You may experience one or both of the following symptoms when using Data Engine:
Data Engine logs you out unexpectedly during a task. Refreshing the tab does not restore the session — you need to close the tab and reopen Data Engine from the nine-dot menu.
Scheduled reports fail to run or complete.
These issues can have two causes: a platform-level outage affecting the DataHub messaging system, or performance pressure on the shared infrastructure during busy periods.
Platform outages
Some instances of these errors are caused by temporary DataHub outages — for example, connectivity issues with the RabbitMQ server that drives the DataHub messaging system.
When this occurs, our hosting team investigates and resolves the issue, which may involve temporarily pausing message flow and restoring RabbitMQ.
If you are experiencing sudden, widespread failures, this may be the cause. These are resolved by our team and do not require any action on your part.
📌Note: If you suspect a platform outage, please raise a support case so our team can investigate.
Shared infrastructure and peak-time queuing
Data Engine runs on a shared infrastructure with a limited number of threads available to process tasks.
During busy periods — typically early morning — a high volume of tasks from all customers are queued for processing. This means we cannot guarantee that scheduled tasks will execute or complete at the exact time they were scheduled for.

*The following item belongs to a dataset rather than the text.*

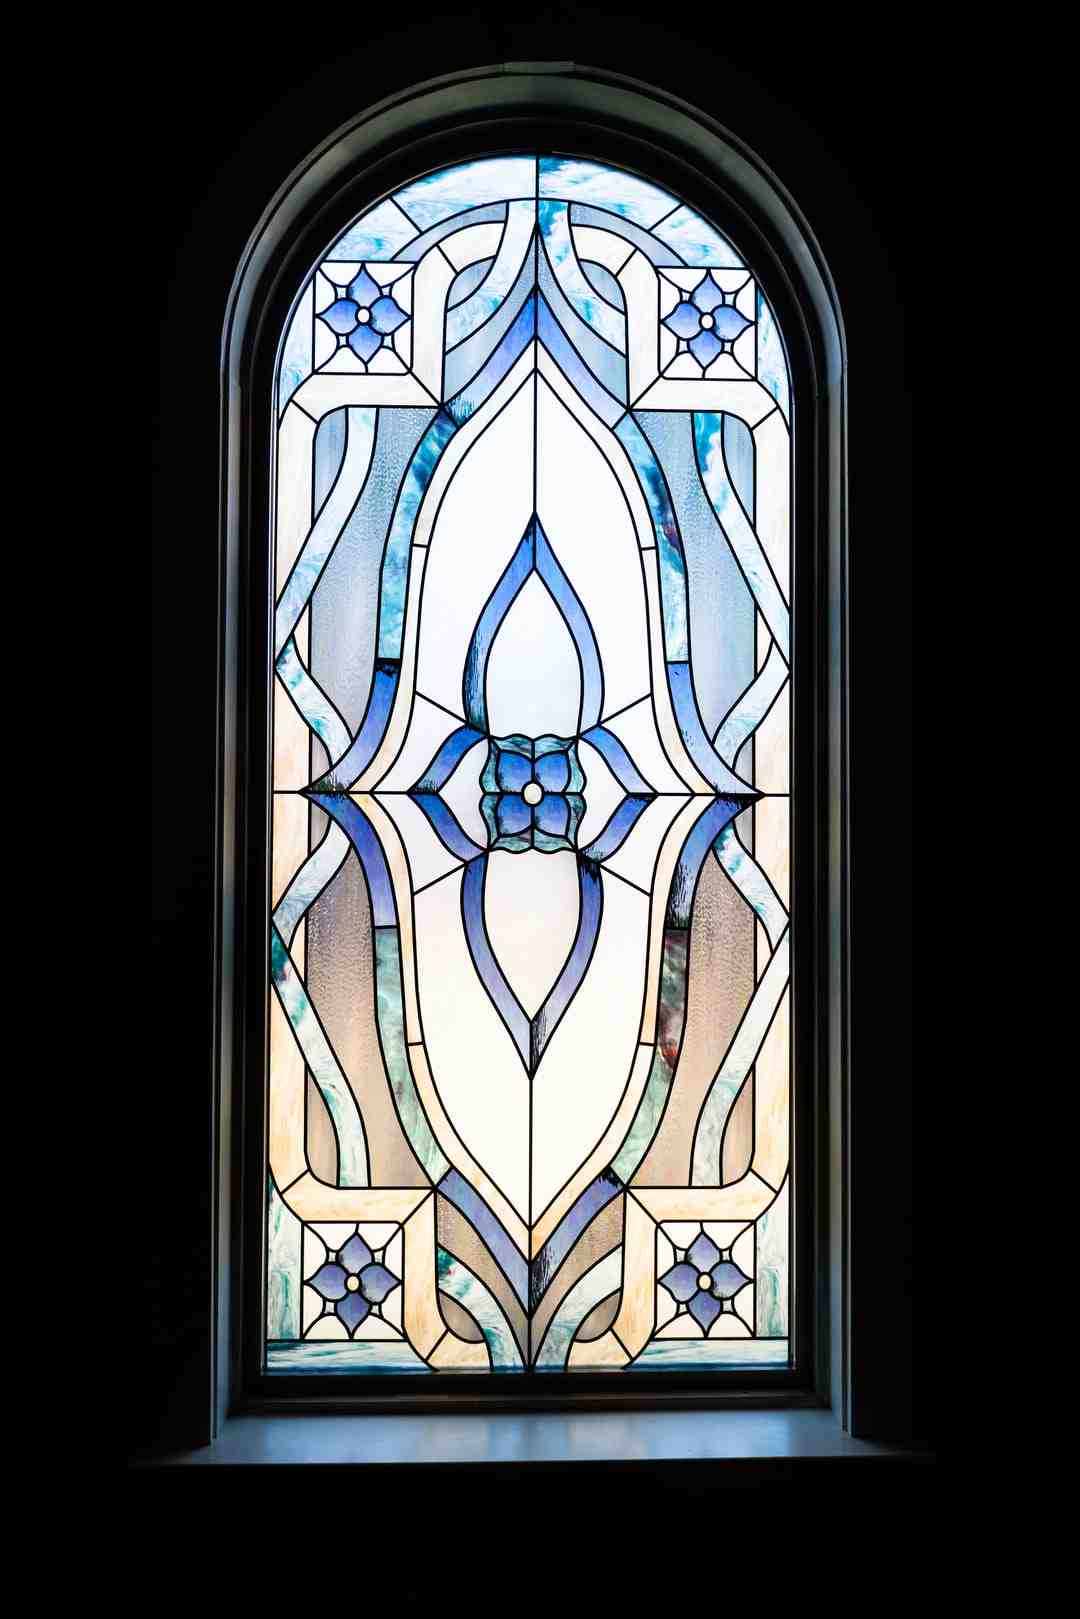 Comment photographier des vitraux d'église ?

If you have a large number of tasks, particularly large tasks, or schedules with a short timeframe between them, this increases the likelihood of delays or failures during peak times.

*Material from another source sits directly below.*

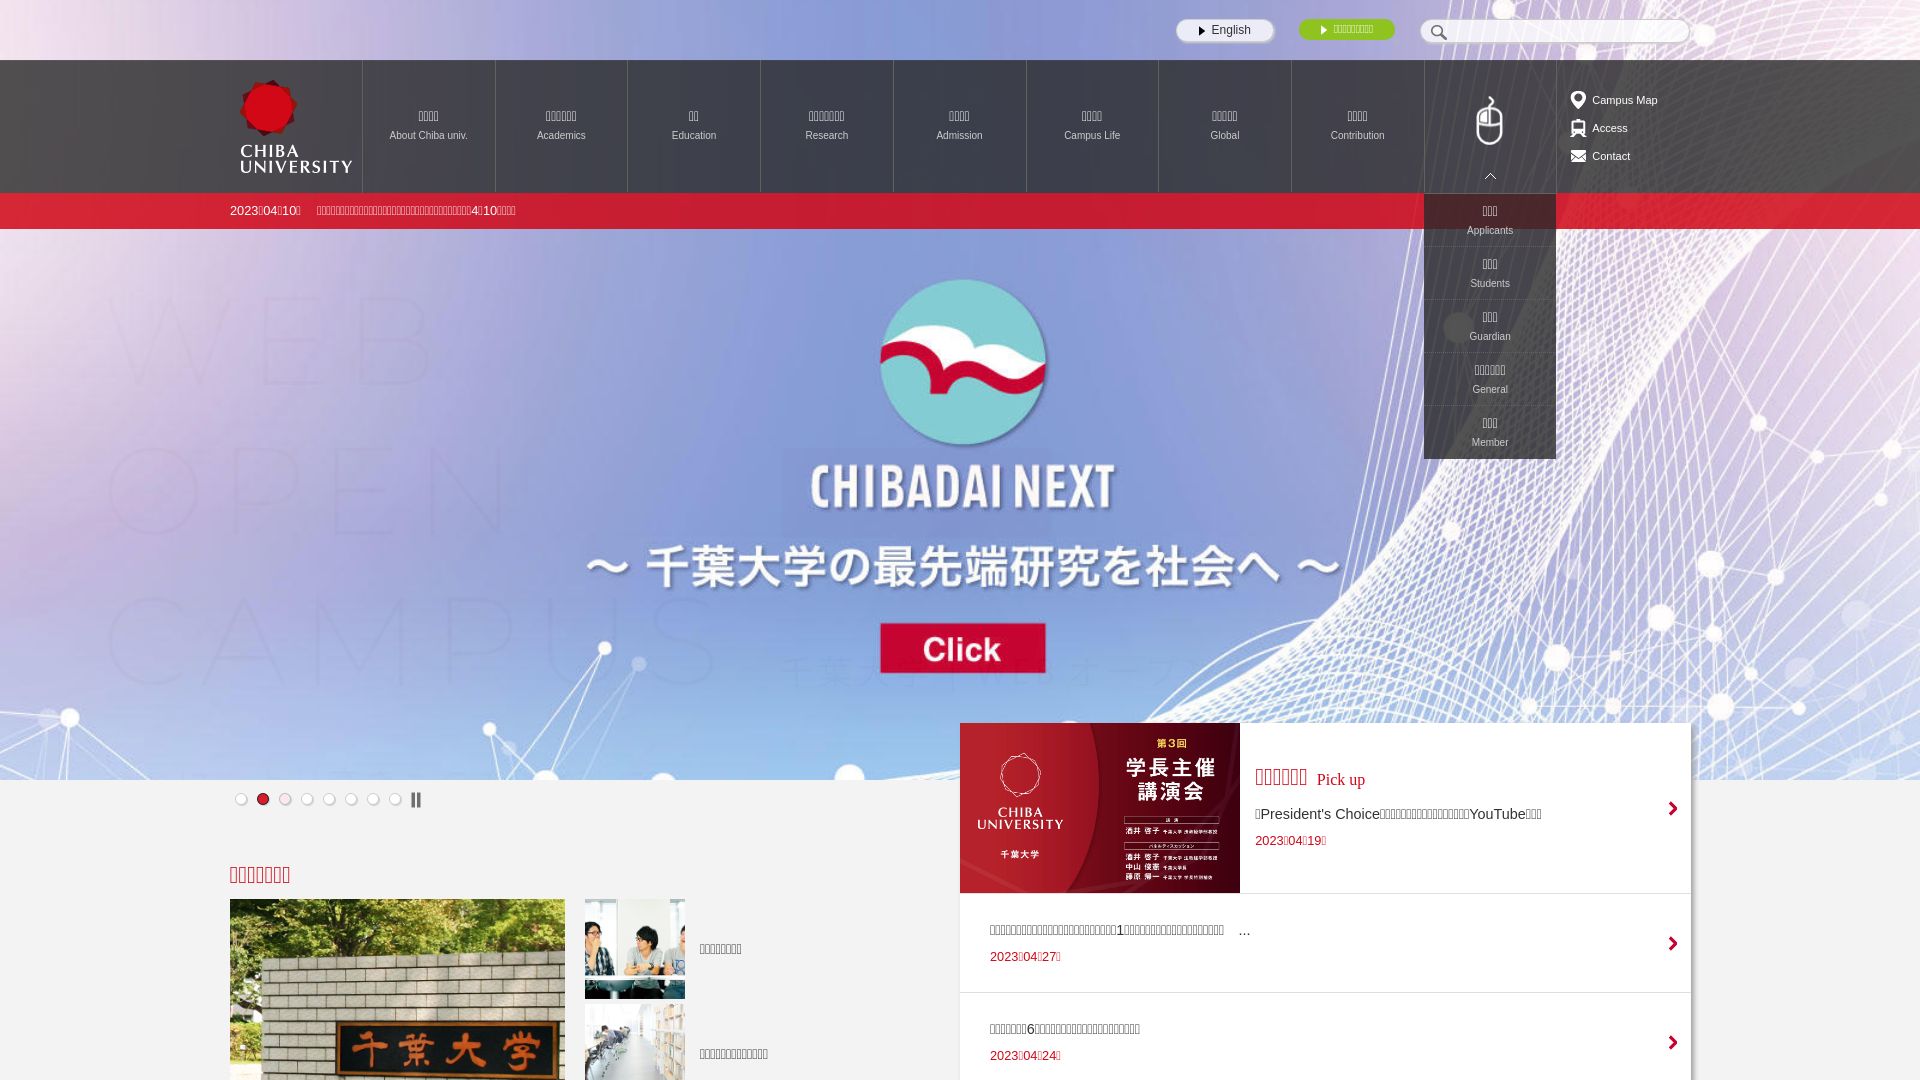 Website status chiba-u.ac.jp is   ONLINE

🤓Tip: To reduce the impact of peak-time queuing, spread your schedules out so that fewer tasks run at the same time, and avoid very short intervals between schedules.
About Data Engine schedules
Data Engine is a data warehouse solution designed to support business intelligence reporting by pulling data from sources, transforming it, and presenting it to Access Analytics. Its primary use case is not real-time reporting.
Schedules can be configured to run as frequently as every 30 minutes, but during busy periods tasks are queued and may not run immediately. We are aware of the challenges this presents for customers who require time-critical, high-frequency schedules and are actively exploring ways to improve the experience.